Exercise description>
Print the data once more, exactly as given. Drop the pictures.

The data>
****************************************

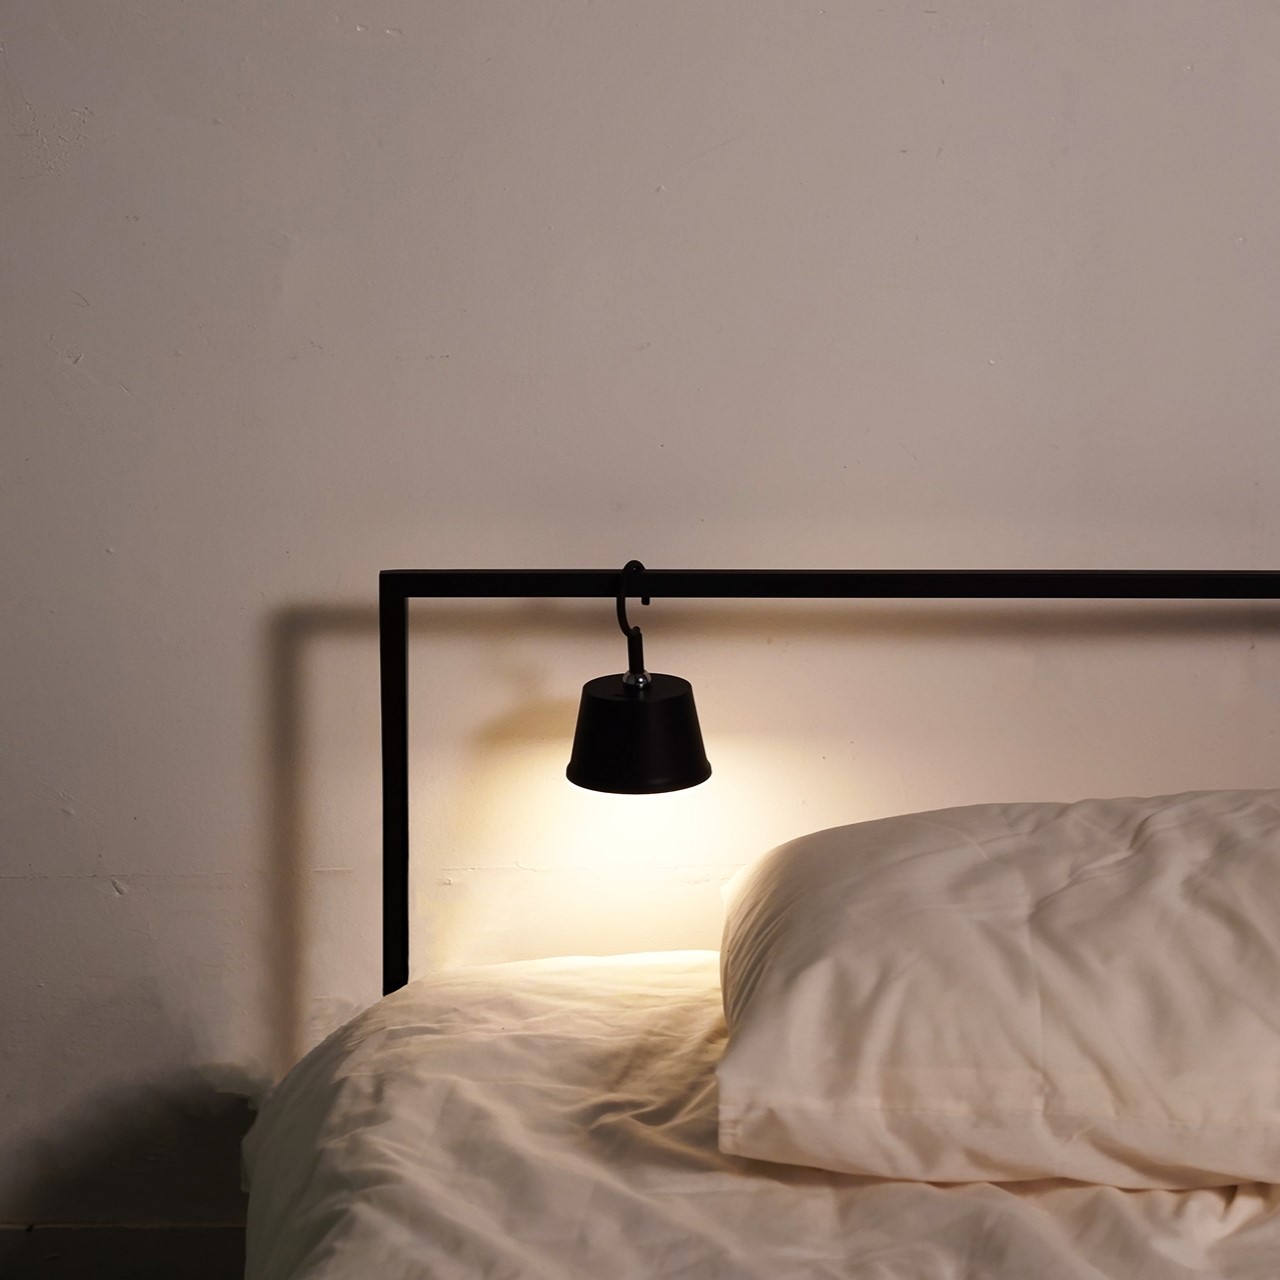 寝室の常夜灯としても活躍。最小光量なら40時間点灯するので災害時にも安心
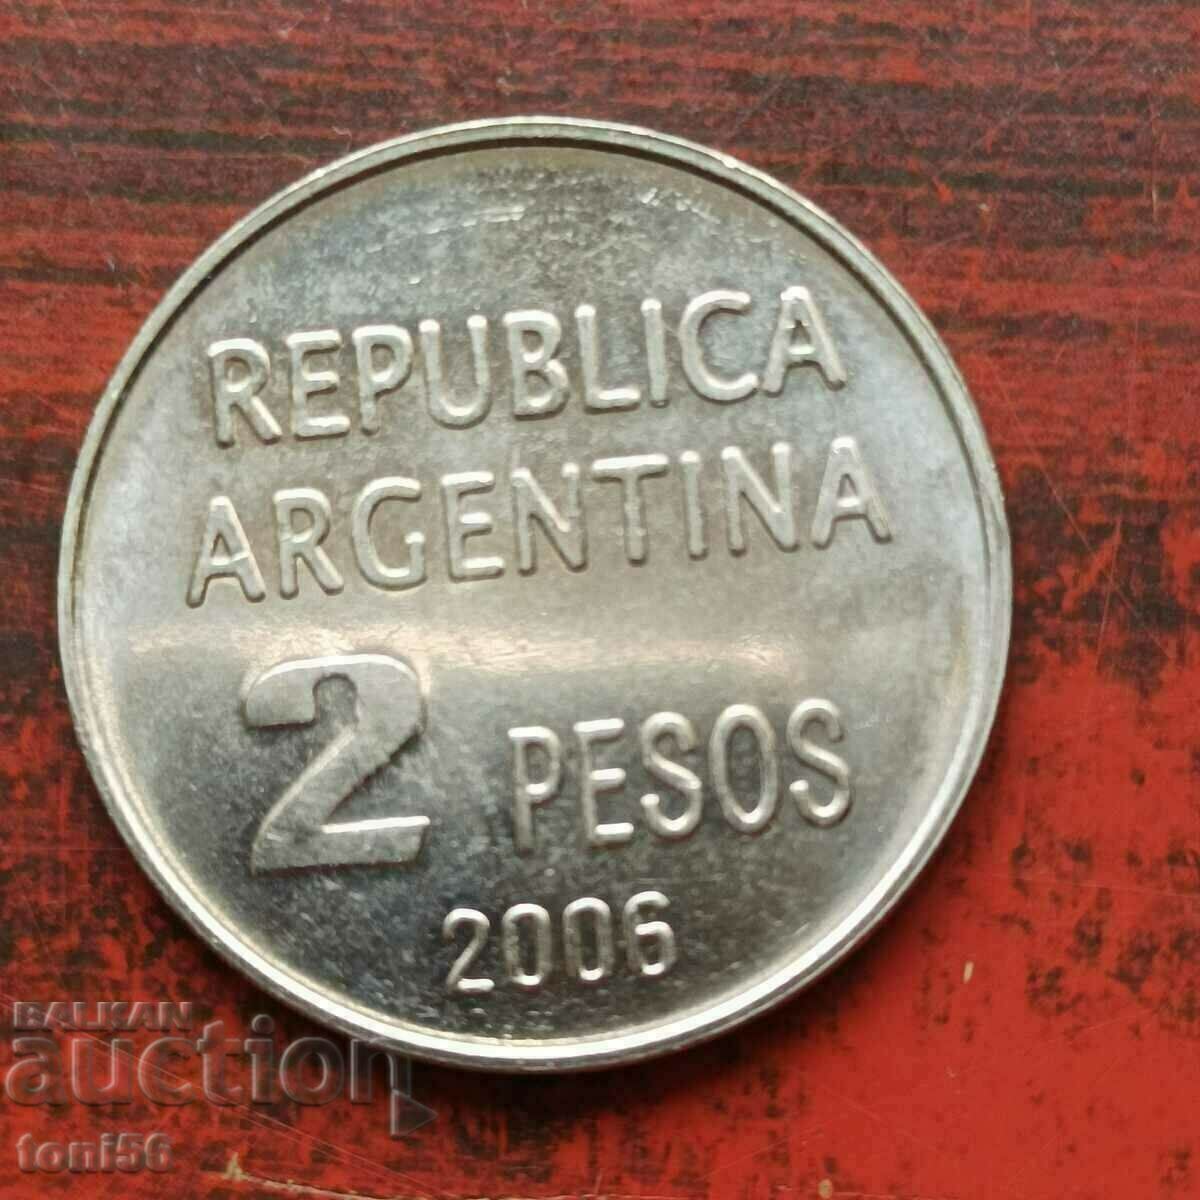 Аржентина 2 песос 2006  UNC юбилейна
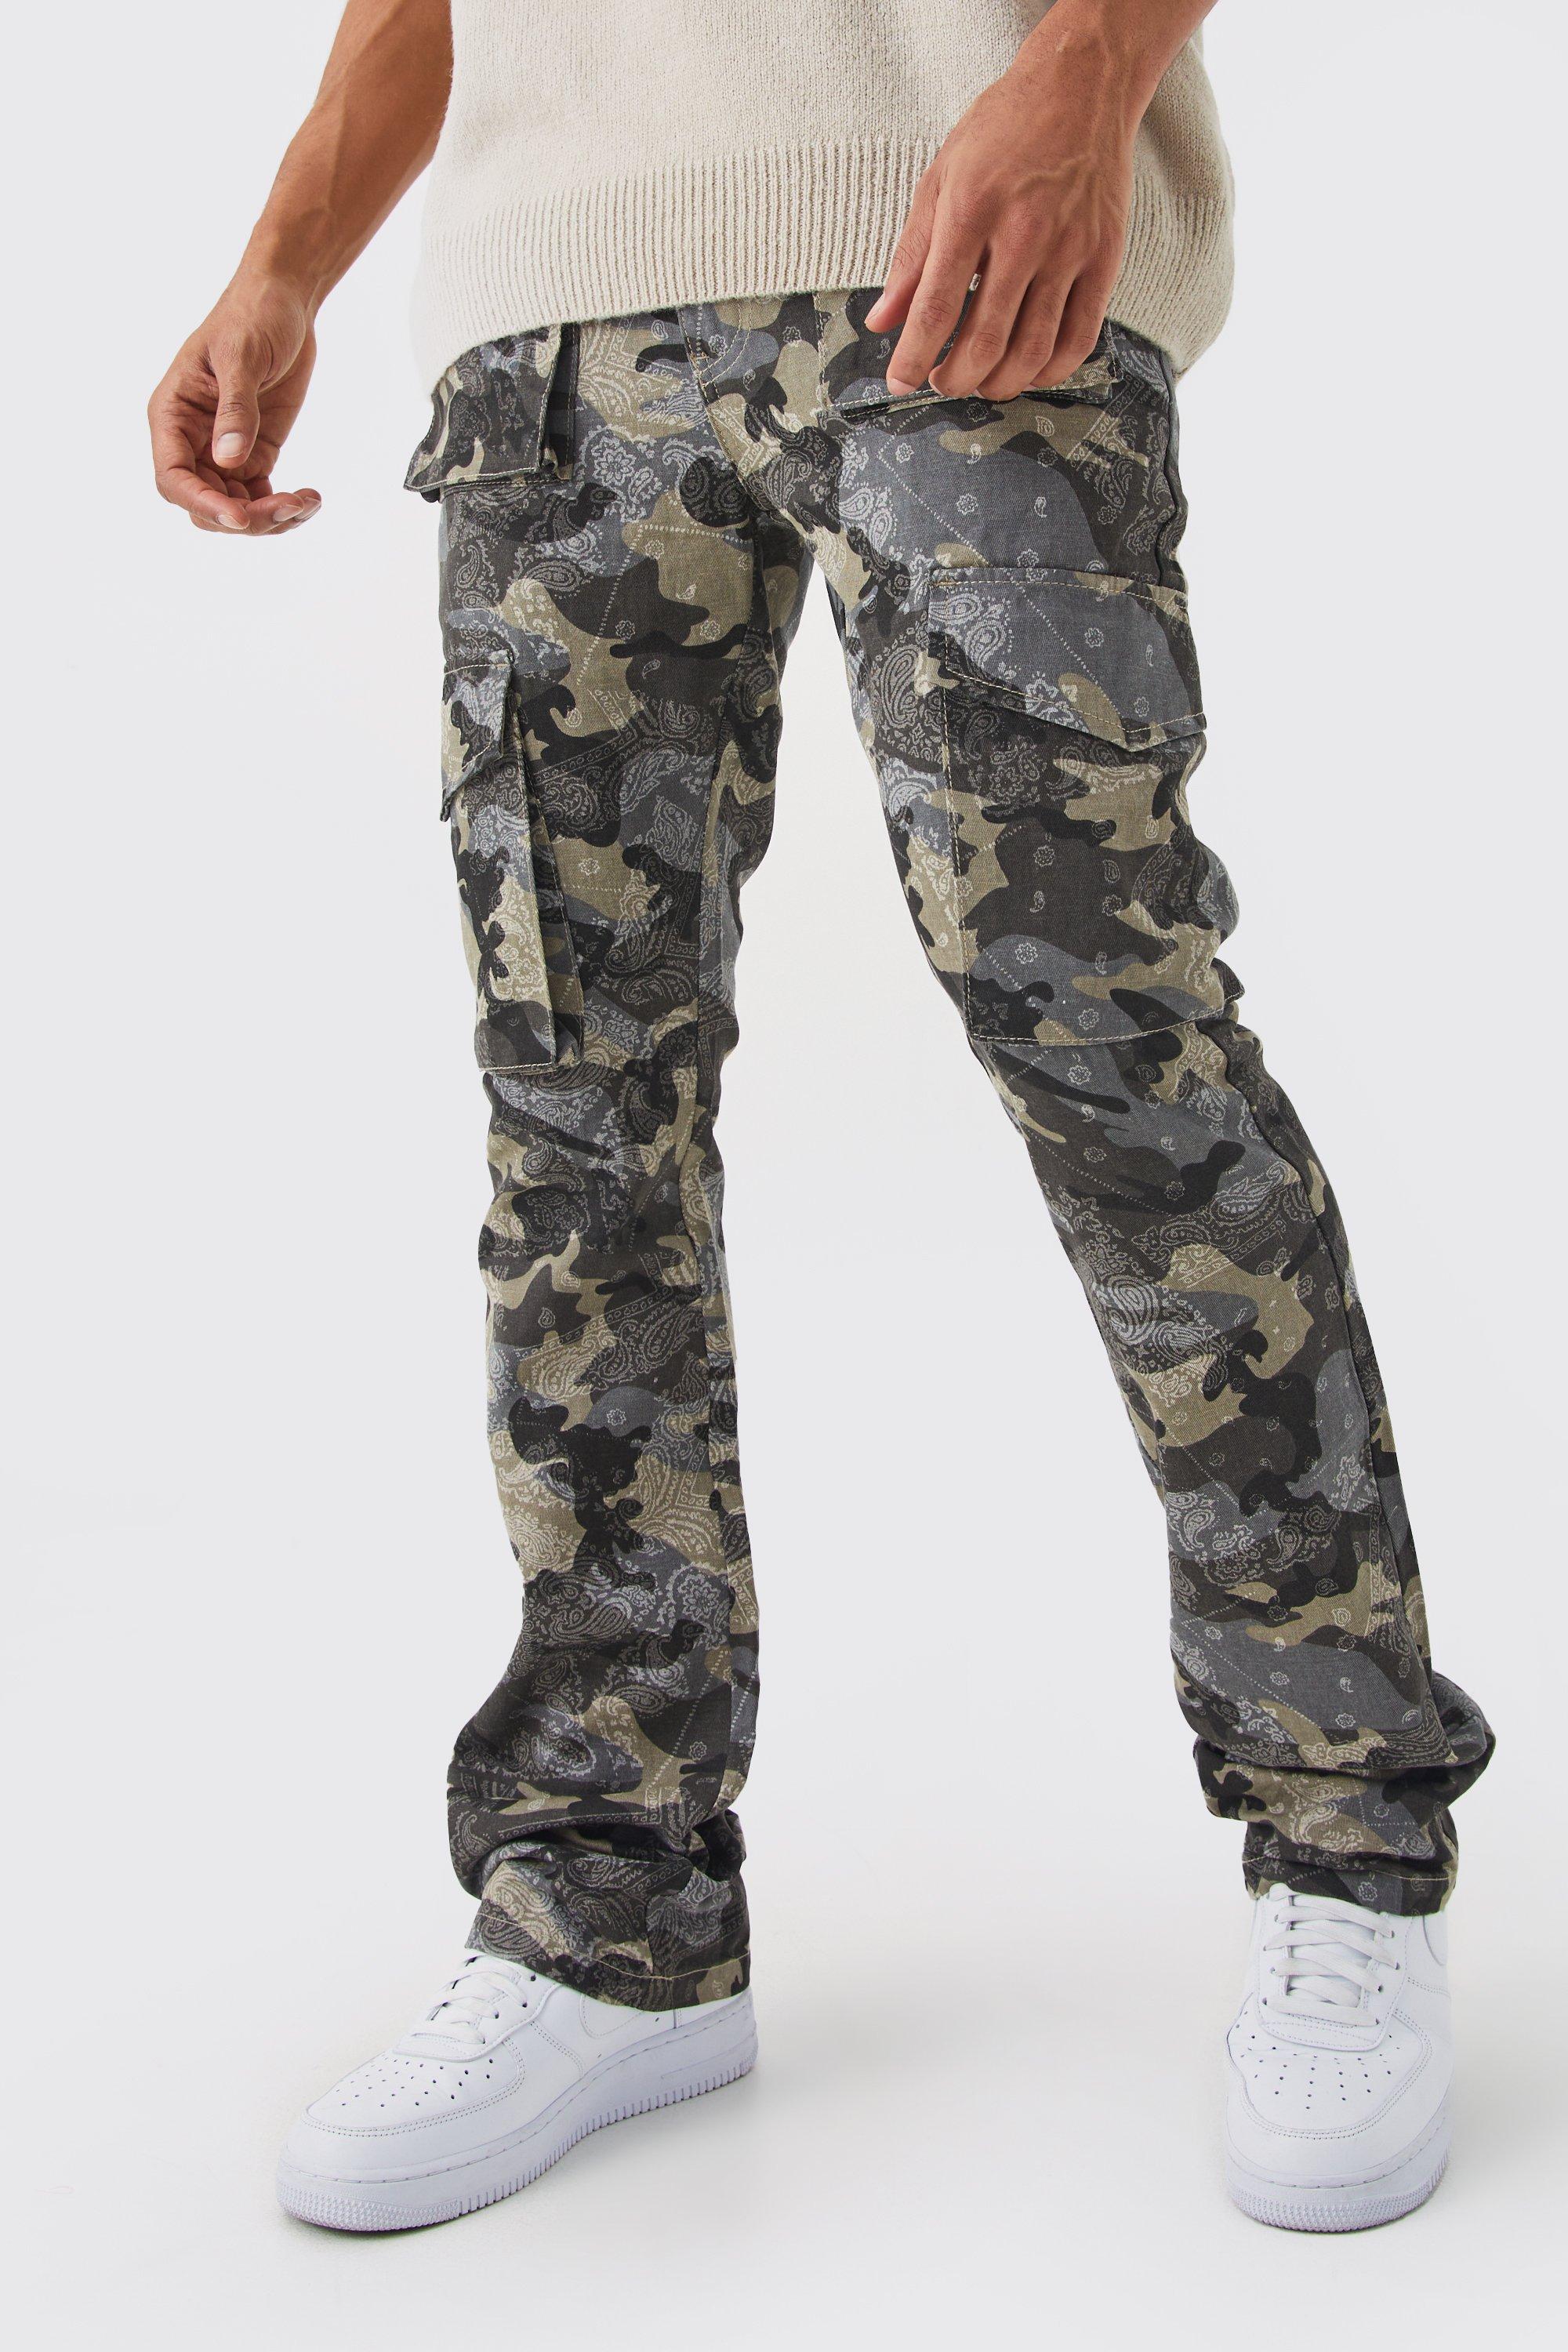 pantalon cargo slim à imprimé bandana homme - gris - 34, gris
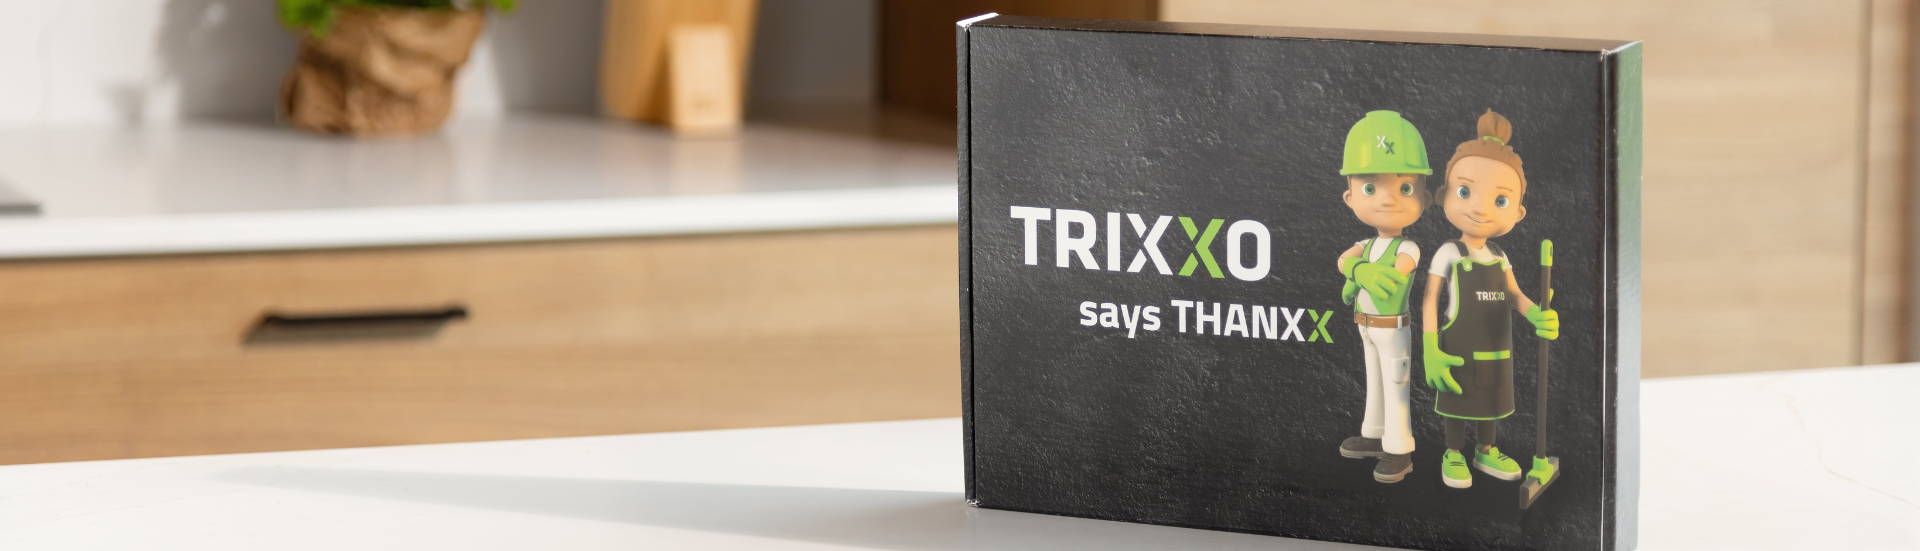 Originele en duurzame eindejaarsgeschenken voor bedrijven - Ontdek de gepersonaliseerde GiftBox van BergHOFF Belgium, gecreëerd voor TRIXXO, het grootste autonome dienstenchequebedrijf van België.

****************************************

Output of the task>
 寝室の常夜灯としても活躍。最小光量なら40時間点灯するので災害時にも安心
 Аржентина 2 песос 2006  UNC юбилейна
 pantalon cargo slim à imprimé bandana homme - gris - 34, gris
 Originele en duurzame eindejaarsgeschenken voor bedrijven - Ontdek de gepersonaliseerde GiftBox van BergHOFF Belgium, gecreëerd voor TRIXXO, het grootste autonome dienstenchequebedrijf van België.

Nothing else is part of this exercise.